Dieser lateinische Satz bedeutet frei übersetzt „Schneller, höher, stärker“ und soll ursprünglich ein Zitat des Dominikanerpaters Henri Didon gewesen sein. Angeblich hat Pierre de Coubertin diesen Satz beim Gründungskongress des IOC 1894 vorgebracht – ob er als Vorschlag für ein olympisches Motto gelten sollte, ist jedoch nicht geklärt.
Trotzdem fokussiert dieser Spruch vor allem den Sportler und seinen Wunsch nach einem Sieg, einem Platz auf dem Treppchen – und kann ihn dadurch zu persönlichen Höchstleistungen motivieren.

Das andere Motto geht eher in die entgegengesetzte Richtung und stellt das Ereignis an sich in den Vordergrund:

Dabei sein ist alles

Auch dieser Ausspruch wird dem Franzosen zugeschrieben, obgleich er diesen Satz nicht einmal gesagt hat.
Eigentlich handelte es sich vielmehr um das Zitat: „Das Wichtigste bei den Olympischen Spielen ist nicht zu gewinnen, sondern daran teilzunehmen“, das Coubertin 1908 bei der Olympiaaustragung in London nutzte, um einen Streit zwischen amerikanischen und englischen Teilnehmern zu schlichten.
Aber obgleich der Satz keinen wirklich historischen Ursprung hat und Coubertin dies seinerzeit nicht als generelles Motto  für Olympia gesehen hat, konzentriert sich „Dabei sein ist alles“ auf den Sport an sich, den Moment zu genießen und auf den wichtigen Gedanken des Fairplay.

Das Erfolgsrezept der Sportler

Sicherlich sind beide Sätze für die Sportler relevant. Der Wettbewerb an sich ist ein Ziel, das jeder Leistungssportler anstrebt. Ist man aber erst einmal dort angelangt, drängt sich wohl der eher das Motto „Citius, altius, fortius“  in den Vordergrund – schließlich strebt dann ein jeder die Medaillen an, am liebsten Gold, und muss dabei über sich hinauswachsen.
Die zwei Zitate zeigen also deutlich eines der Erfolgsrezepte von Spitzensportlern: Immer realistische Etappenziele setzen, darauf hinarbeiten und mit jedem Teilerfolg dem größeren Ziel näher kommen.
Aber wie schaffen die Sportler das? Was macht einen Olympioniken oder Medaillenaspiranten aus und wie wird man so erfolgreich? Auch diese Antwort findet sich in den Traditionen wieder und ist nicht nur für Athleten von Bedeutung.

1. Training

Allem voran steht immer das Training. Schon in der Antike formte der Wettkämpfer seinen Körper und errang sportliche Erfolge zur Ehrung der Götter. Doch um in den Disziplinen bestehen zu können, galt es, sich nicht gehen zu lassen. Man musste Disziplin, Ehrgeiz und Durchhaltevermögen besitzen und immer wieder unter Beweis stellen – also immer wieder hart trainieren. Auch heute gilt in allen Bereichen: Will man etwas erreichen, muss man dafür arbeiten, ergo trainieren.

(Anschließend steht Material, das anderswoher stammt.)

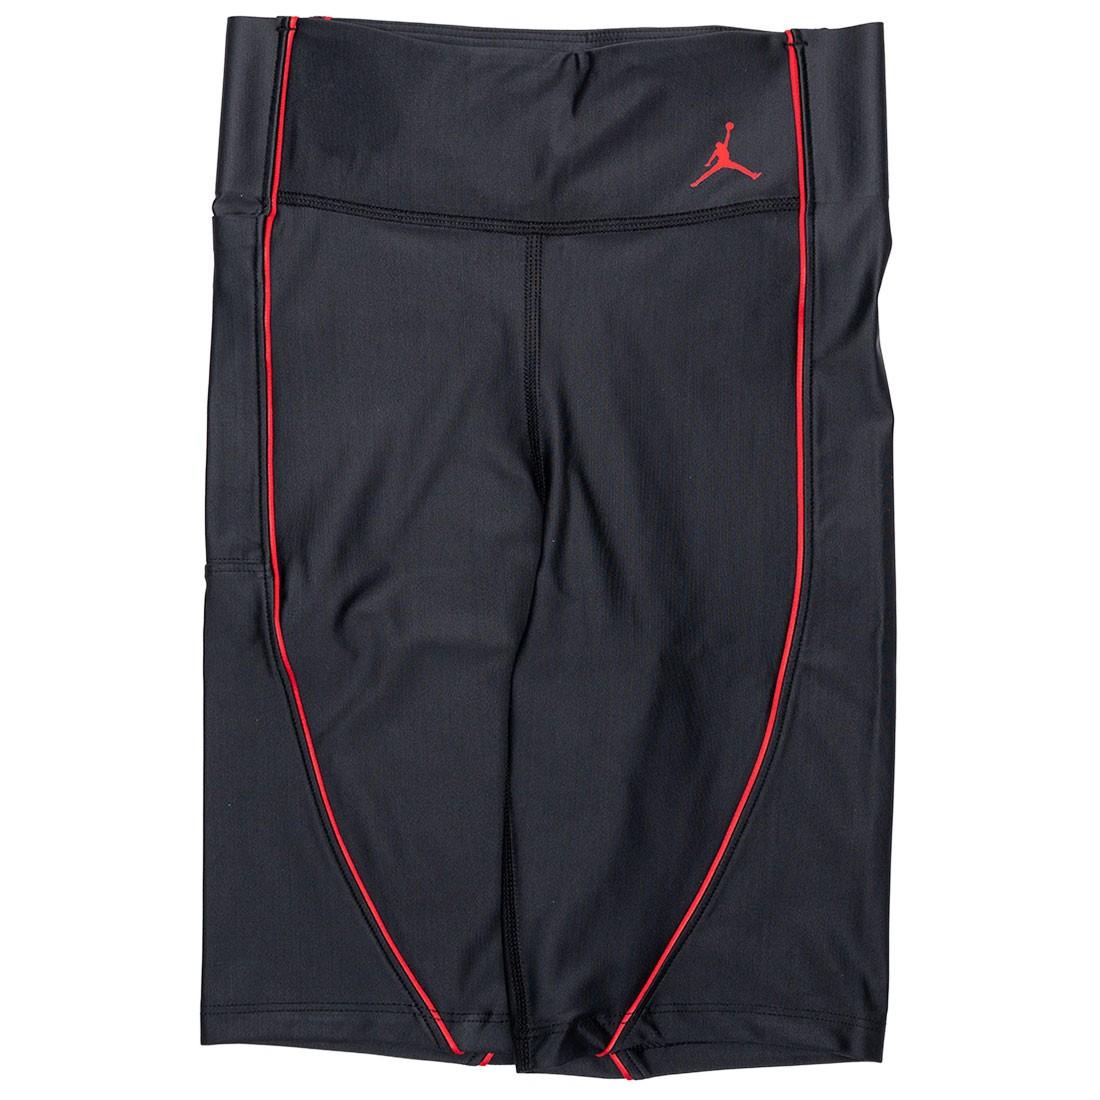 Jordan Women Essential Nike Shorts (black / black / university red)

2. Mentale Stärke & Selbstbewusstsein

Früher gab es Orakel und Propheten, heute gibt es Horoskope in Fernsehzeitschriften. Aber nichts ändert etwas an der Tatsache, dass der Glaube Berge versetzen kann. Sofern der Sportler – oder auch jeder andere, der ein Ziel verfolgt – an sich und seine Fähigkeiten glaubt, fällt es leichter das Ziel zu erreichen.
Zudem muss man in genau dem richtigen Moment seine Leistung abrufen können, egal ob bei Olympia, im Meeting oder Bewerbungsgespräch. Wer sich auf seine Aufgabe konzentriert, weiß, dass er gut vorbereitet ist und sich nicht einschüchtern lässt, holt letztlich auch den Sieg.

3. Teamplay & Fairplay

Auch in jeder sportlichen Einzeldisziplin steckt hinter dem Athleten ein Team, das ihn überhaupt erst so weit gebracht hat. Wer sein Team jedoch nicht gut behandelt, wird schon bald nicht mehr die nötige Unterstützung finden. Vielleicht kündigt der Trainer sogar oder wirft einen aus dem Verein.
Man sollte also daran denken die Mitmenschen gut und fair zu behandeln, egal ob im Sport, Alltag oder Beruf. Denn vor allem gemeinsam ist man stark und zudem zeigte uns bisher jeder Dopingprozess, dass sich unfaire Taktiken nicht lohnen, stattdessen nur zu Schande und Schmach der Leistung führen.

Bleiben Sie deshalb selbstbewusst, trainieren Sie hart, aber vergessen Sie niemals die Fairness – dann erreichen auch Sie Ihren ganz persönlichen Olymp.